Casinos hoping odds in SJC case tilt in their favor High court takes up challenge to blackjack rules COULD A DISPUTE the payout odds for blackjack actually rise to become a case before the Supreme Judicial Court? You bet.
In an unusual case, the state’s highest court will consider whether the state’s two casinos – Encore Boston Harbor and MGM Springfield – were legally allowed to offer less favorable odds than is typical in their blackjack games.
The SJC will hear arguments in the two cases Wednesday.
The Massachusetts Gaming Commission sets the rules that casinos must abide by in their games. But when a dispute arises, it can go to the courts. In this case, after two judges decided the same issue in different ways, the SJC decided to intervene.
The case centers on the rules of blackjack. Typically, blackjack is played with odds of 3 to 2. That means if a player’s cards add up to 21, he or she is paid $150 for a $100 wager. But the game can be played with 6-to-5 odds – a payout of $120 for a $100 bet. Generally, the 6-to-5 odds – which are less advantageous to the player – are paid out in a variation of the game with slightly different rules that increase the player’s advantage.
Until the lawsuits were brought, however, Encore Boston Harbor and MGM Springfield were running blackjack games with the traditional rules — but with 6-to-5 odds. At Encore, the tables with 6 to 5 odds were generally ones where players could wager lower amounts.
In one of the cases, A. Richard Schuster vs. Wynn Resorts Holdings, Schuster, a blackjack player, filed a lawsuit arguing that Encore Boston Harbor should not be allowed to give a 6-to-5 payout without changing the rules to the 6-to-5 variation of the game. A similar case was brought by a player named Ted DeCosmo against MGM Springfield.
A Superior Court judge dismissed DeCosmo’s lawsuit against MGM, finding in favor of the casino. But a US District Court judge ruled in favor of Schuster, saying Encore could not give the lower payout.

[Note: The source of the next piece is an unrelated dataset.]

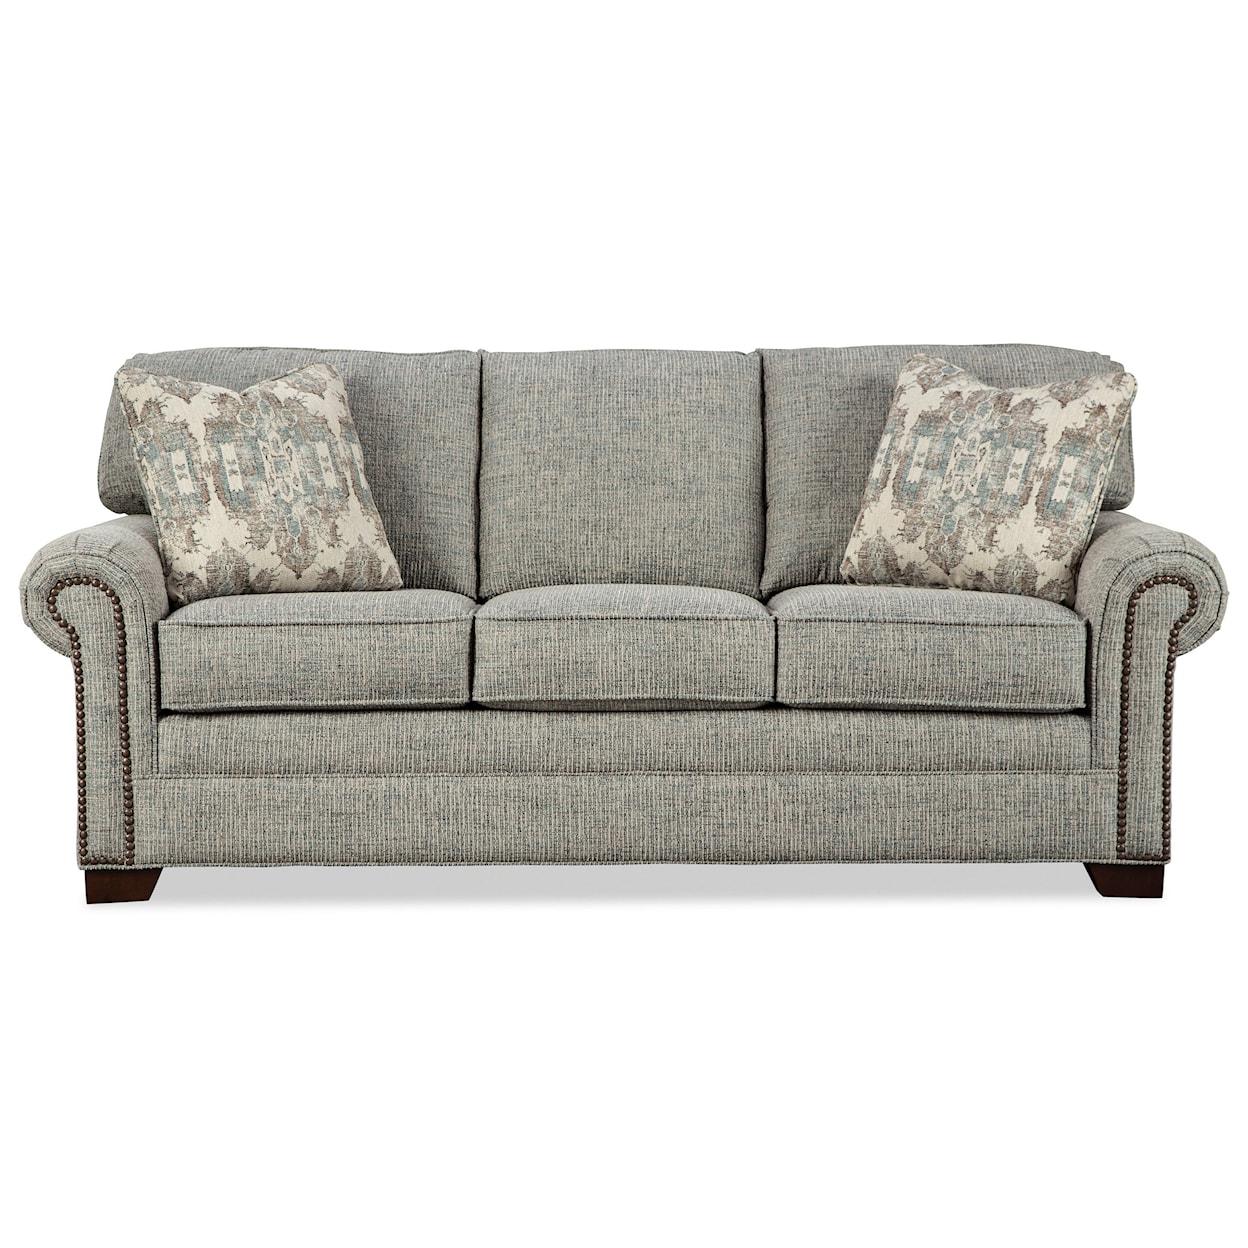 Hickory Craft 7565 Queen Sleeper Sofa with Memory Foam Mattress
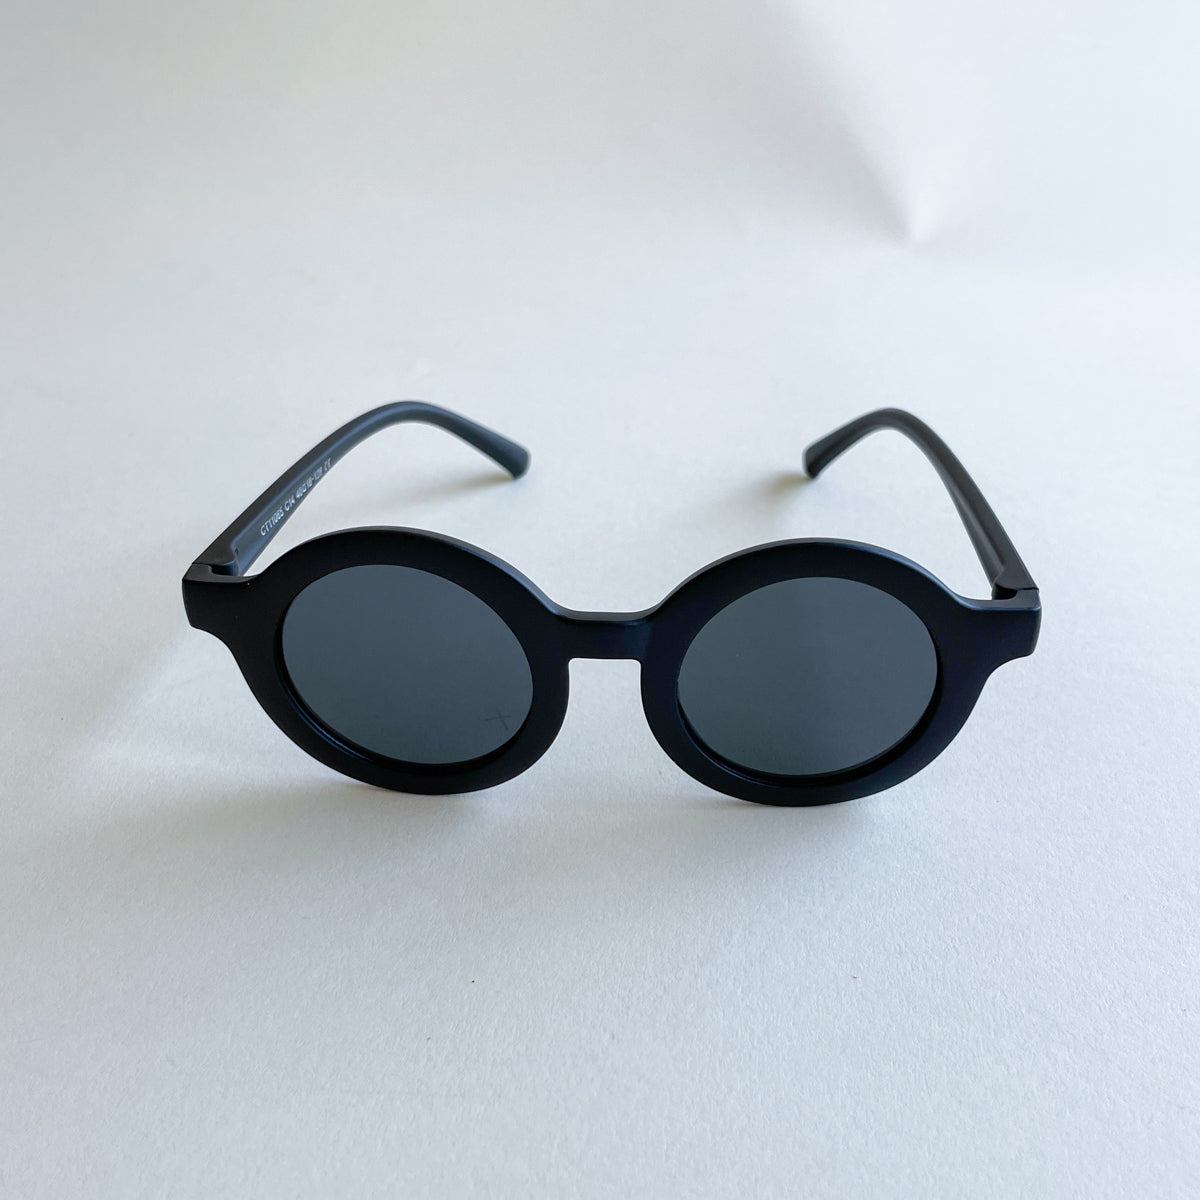 New Flexible, Resistant & Polarized UV 400 Kids Sunglasses Black

The Massachusetts Gaming Commission, whose Investigations and Enforcement Bureau examined the issue, has said its rules allowed 6-to-5 odds even with the traditional blackjack game, and the casinos did nothing wrong. After the US District Court ruling, the Massachusetts Gaming Commission clarified its rules to make clear that casinos could allow a 6-to-5 payout under traditional blackjack rules, as long as the odds are displayed in plain sight so players are aware of the rules. Those changes went into effect in October 2020.
The SJC took up the case to clarify the law in light of the disparate judicial rulings. While neither case challenges the Gaming Commission’s amended rules, attorneys for the players seek to have the casinos compensate players who were paid out using the lower odds during the time between when the casinos opened and when the Gaming Commission clarified its rules to explicitly allow the lower odds in traditional games. MGM opened in August 2018 and Encore in June 2019.
Schuster, in an SJC brief, pans the new rules as “anti-consumer” and says they will “bilk Massachusetts consumers out of an additional 30 million dollars in Blackjack revenues each year” — though he is not challenging the Gaming Commission’s authority to set those rules.
The casinos say they are simply playing by the rules. “There is no mystery behind why both gaming licensees, the [Massachusetts Gaming Commission], the [Investigations and Enforcement Bureau], and the Superior Court below have all concluded that the Blackjack Rules permit the challenged 6 to 5 blackjack payouts: they do,” attorneys for MGM Springfield wrote.